One additional irony of the eugenics movement is worth noting. We are urged today to regard progressivism as the tribune of America’s low-income, ethnic communities. And yet no one was more enthusiastically eugenicist than progressivism’s founders like Theodore Roosevelt, Woodrow Wilson, and Herbert Croly.
They shared Davenport’s deep concern about the idiocy of local community life, along with its ignorance, narrow-mindedness, and bigotry.

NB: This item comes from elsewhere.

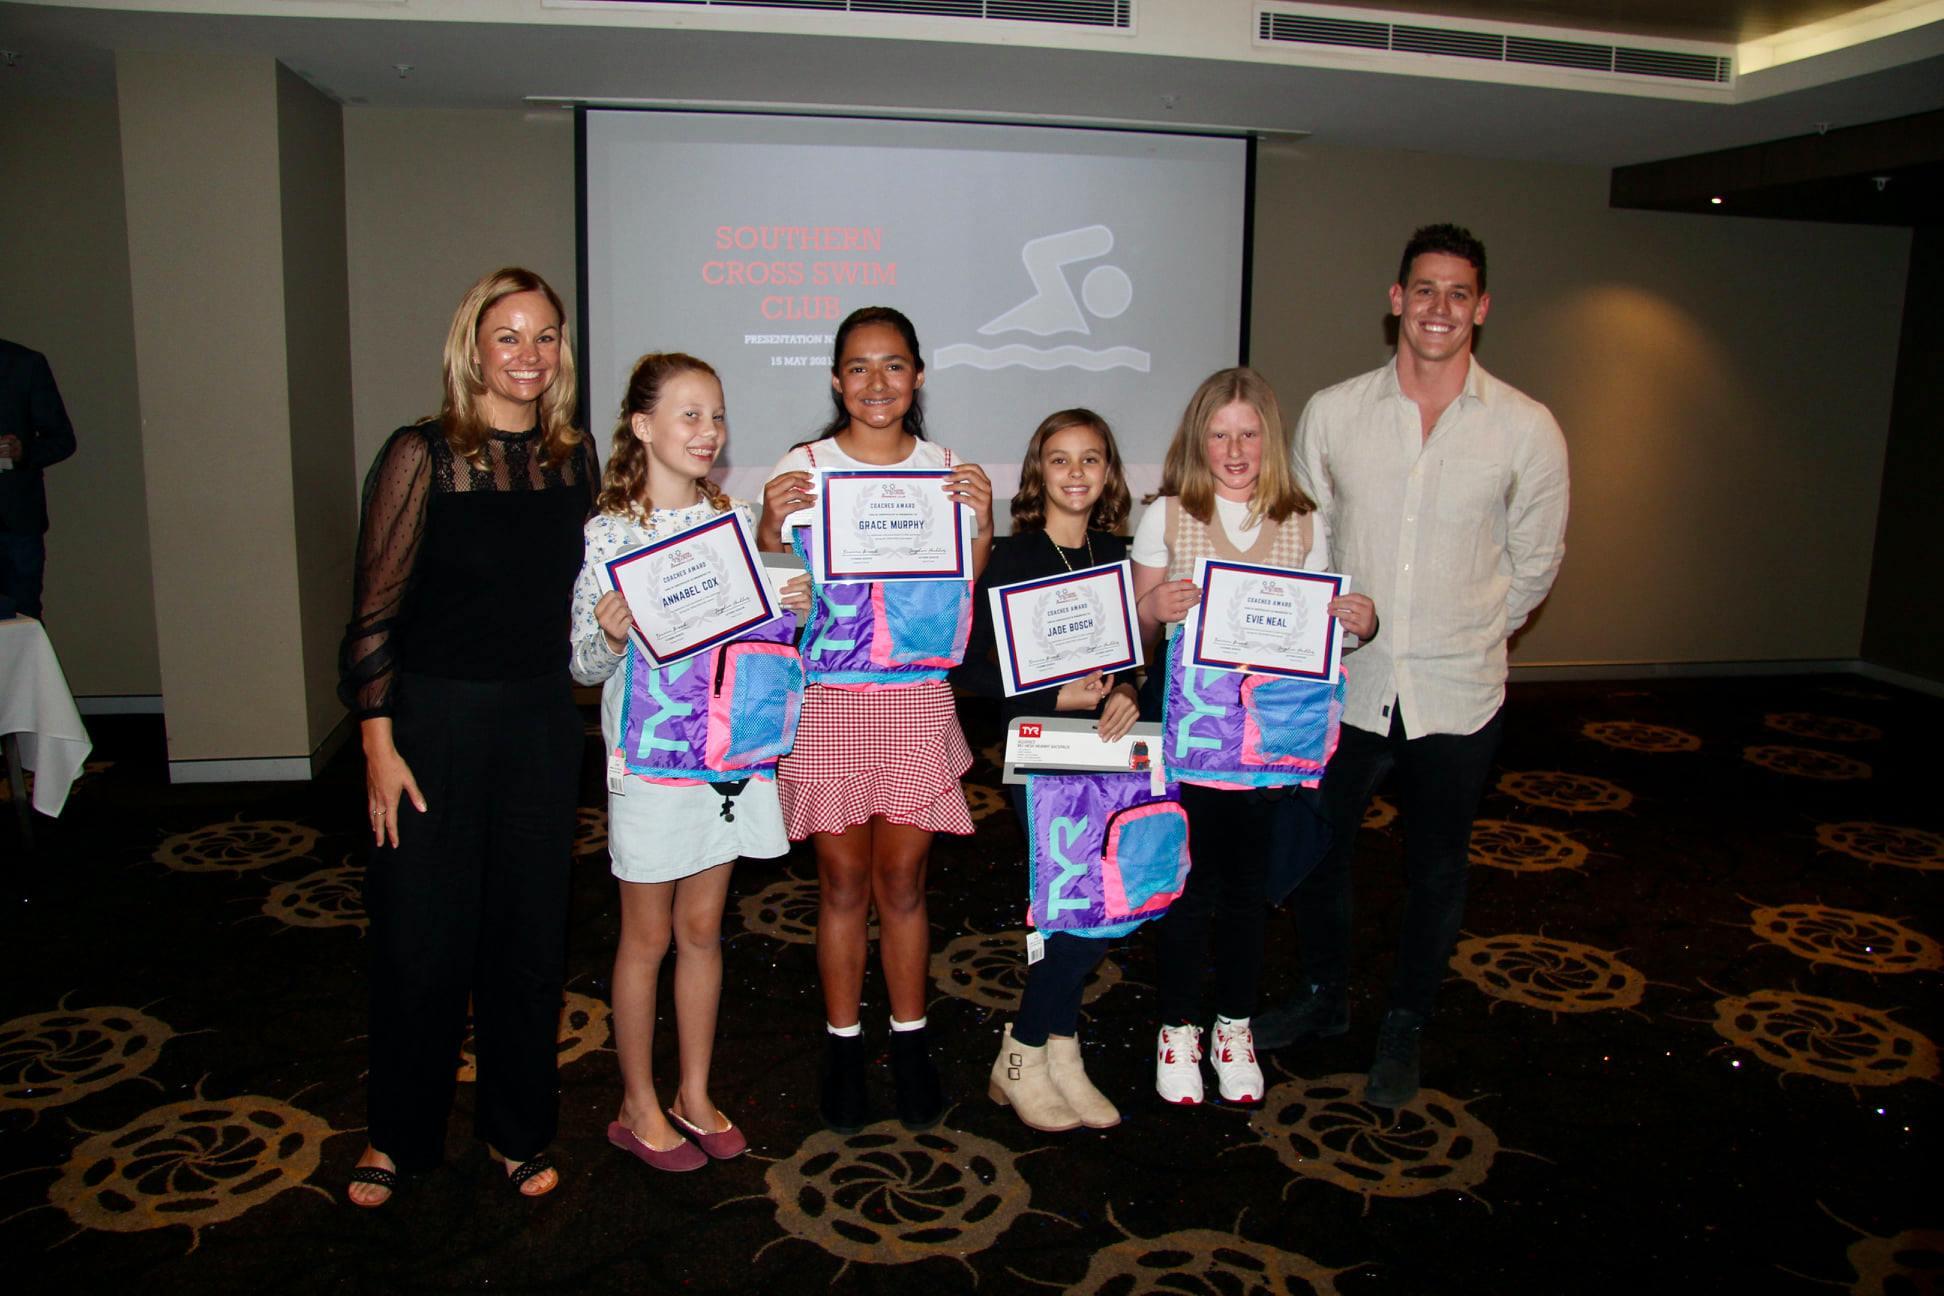 Southern Cross swimming Club Presentation Night 2021 Champions

They yearned for an expansive, unified, homogeneous national community, within which all ethnic, religious and moral distinctions would disappear, along with their pathological genetic concentrations.
Yet in the face of that homogenizing, nationalizing impulse, it was the precisely the tiny island community of Malaga that stood for a degree of racial harmony and intermixture almost unheard of at the turn of the 20th century.
And so it has often been, throughout American history: the small communities so offensive to sophisticated American writers and intellectuals in fact end up providing the surest refuge for racial minorities, religious dissenters, and cultural renegades.
At any rate, I wish someone from Maine would approach the Libra Foundation with the following proposition. Those lonely graves from Malaga at the back of the Pinelands site: they should be unearthed once more, and transported with dignity and ceremony back to a suitably restored cemetery among the red spruce trees of the Malaga Island nature preserve.
But the cost shouldn’t be borne entirely by Libra. It should be shared by the Carnegie and Rockefeller Foundations, as modest down payments against the day they embrace their own shameful past in the war against American community, and begin to reorient their giving accordingly.
William A. Schambra is the director of the Hudson Institute’s Bradley Center for Philanthropy and Civic Renewal.